Here’s a diagram I drew that may help. This is not the course map from the day, but one handy on my phone that may help. Fence 6a is where fence 2 was placed. Horse drifted through the turn and broke to the trot before stopping at fence 2, but never broke the plane of the fence, imo.

When the horse stopped, did it immediately back up, or were those two separate movements?

I’ve seen eliminations from a horse refusing a jump, and then the rider backing the horse up (in an attempt at some sort of training) before picking up the canter to attempt the jump again. In those cases, the judge counted the refusal and the backing as two separate events resulting in elimination.

1 Like

He refused and then slowly (I mean pathetically slowly) backed up. Counting those two things as two refusals seems pretty brutal imo.

Why is this brutal? Horse is saying no loud and clear.

The idea of a competition is you should be able to do the things to a certain level. You take a very green horse in a show and he loses his mind. Lesson learned. He needs more time and work.

9 Likes

Good god leave it alone. It’s not my horse or rider. I was curious on the scoring. That’s it.

And yes, I do think it’s brutal to count backing that was related to the first refusal as a second stop. Maybe you were the judge?

I’m pretty alarmed at the steward’s remarks. The steward does not appear to either know the rules or does not communicate well.
A rail is not a disobedience.
Like others have said, if the horse stopped or walked in the “napping” incident, then yes, that is a disobedience, so along with the refusal, that’s two and there you are.
Horse backing up, at the jump, after a refusal, is not a separate disobedience. Judging it as such is silly. What’s the horse supposed to do? Turn on the haunches, like reining?
Wow, jumper scoring is supposed to be easy ;)!

4 Likes

I’ll agree that the steward was certainly muddying the waters here, as the rail is entirely irrelevant.

I would guess that the napping incident perhaps was more dramatic than said here or from the judge’s perspective the horse lost its forward or crossed its path. That plus the stop is a done deal.

A video would be interesting, especially since the steward is such a wild card here so I’m expecting it to go one of two ways: the round was spiraling out of control from the very first fence (from the perspective of someone who doesn’t know the horse and who is partially responsible for keeping everyone safe), or there was a genuine greenie moment that wasn’t that bad but looked to be two disobediences from the judge’s booth. Then the steward became involved and didn’t know exactly what they were talking about/things got very lost in translation.

I’m starting to wonder if we’re having a communications breakdown on this thread.

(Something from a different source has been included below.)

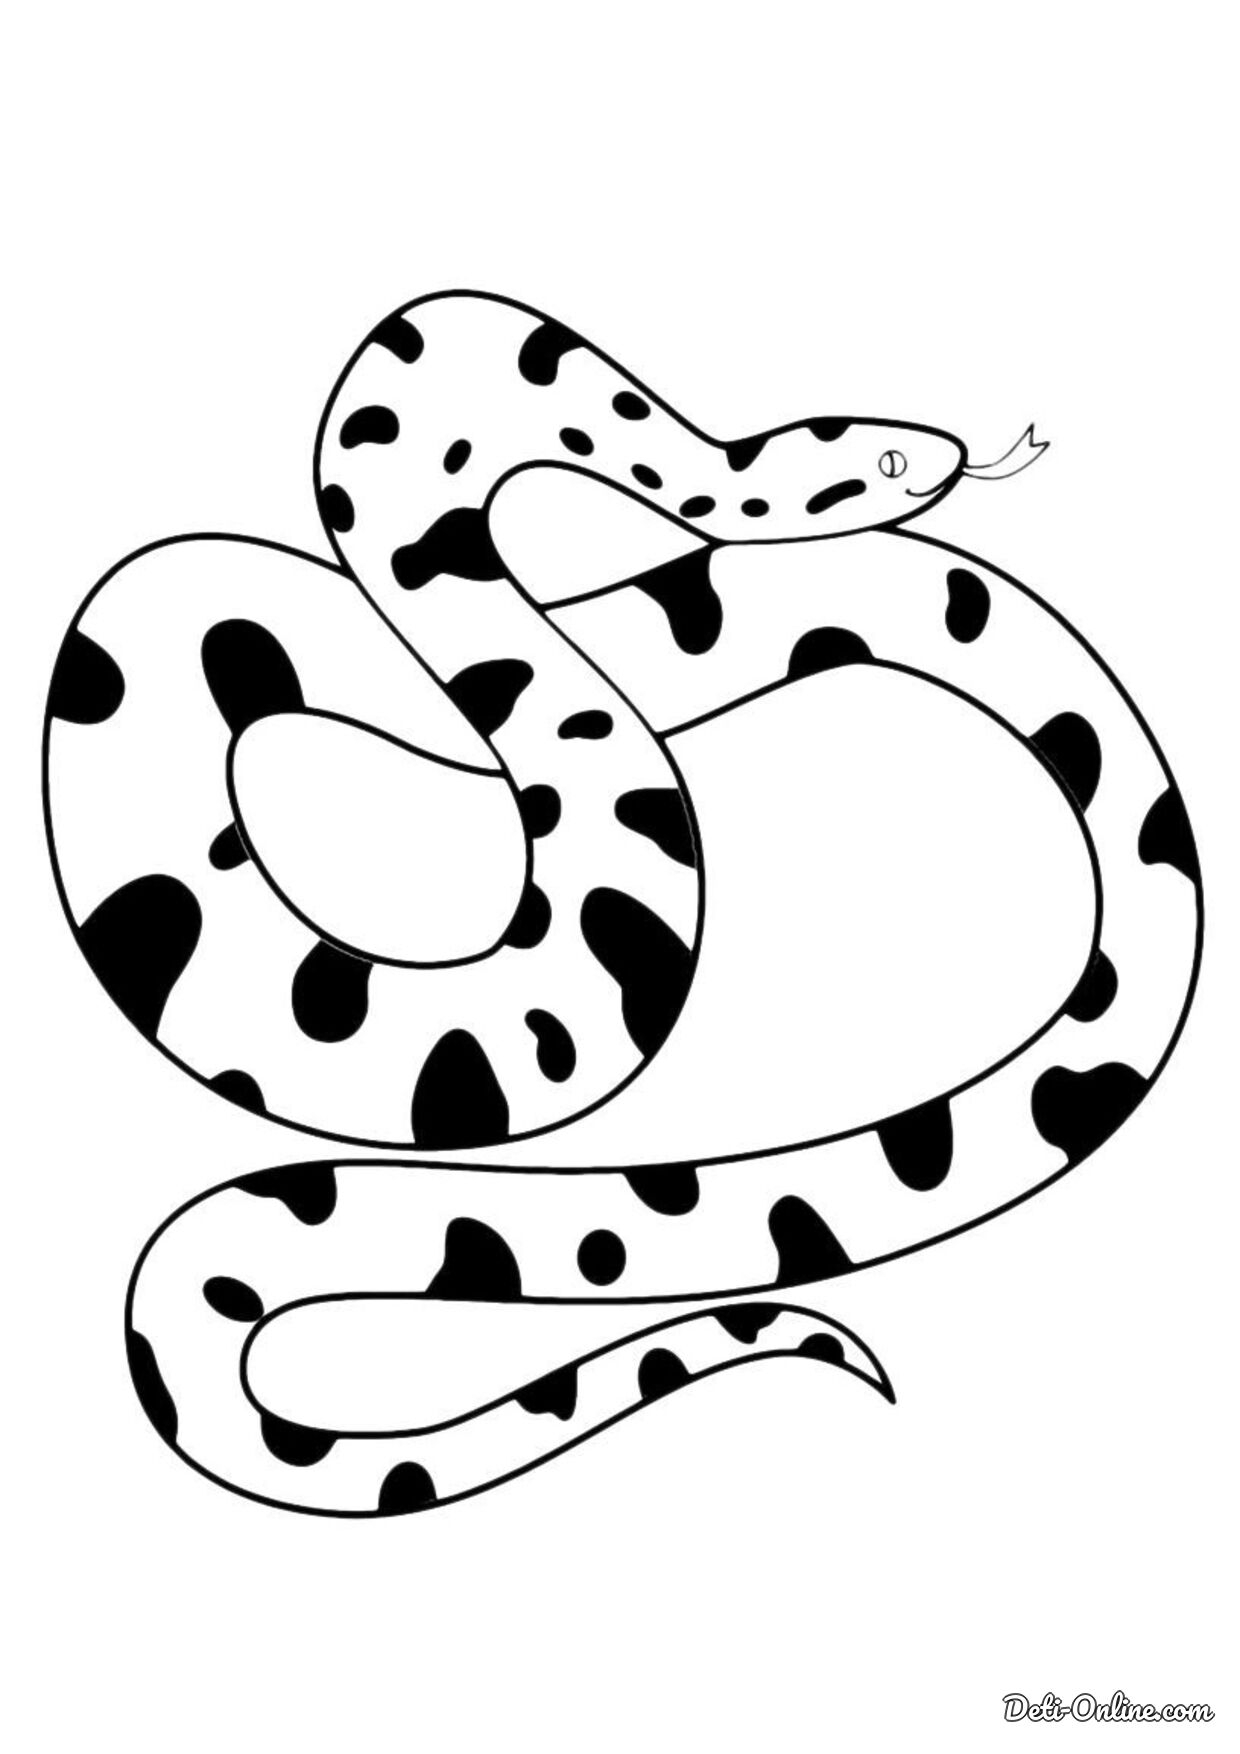 Раскраски змей распечатать. Змея раскраска. Раскраска о змеях. Раскраска змеи для детей. Змея расскра.

Was it a USEF horse show with a USEF steward? Or was it an unrecognized horse show with a person who was maybe a ring steward of some sort? That might explain a steward who seemed to be so unfamiliar with the rules.

4 Likes

USEF rated show.

In that case… :woman_shrugging:

There could be a loss of forward momentum even if the horse didn’t go backwards. The path drawn on the diagram doesn’t tell us whether the horse continued with forward momentum between fences 1 and 2.

It kind of sounds like just misspeaking. Cleary two things happened that appeared to be disobediences. The stop is obviously one. Possibly something about the path between fences 1 and 2 was the other.

Also did the horse trot right up to fence 1 or possibly
Lose forward momentum before fence 1, taking the rail in the process? Possibly that was the first obedience.

All this is impossible to say without seeing the round.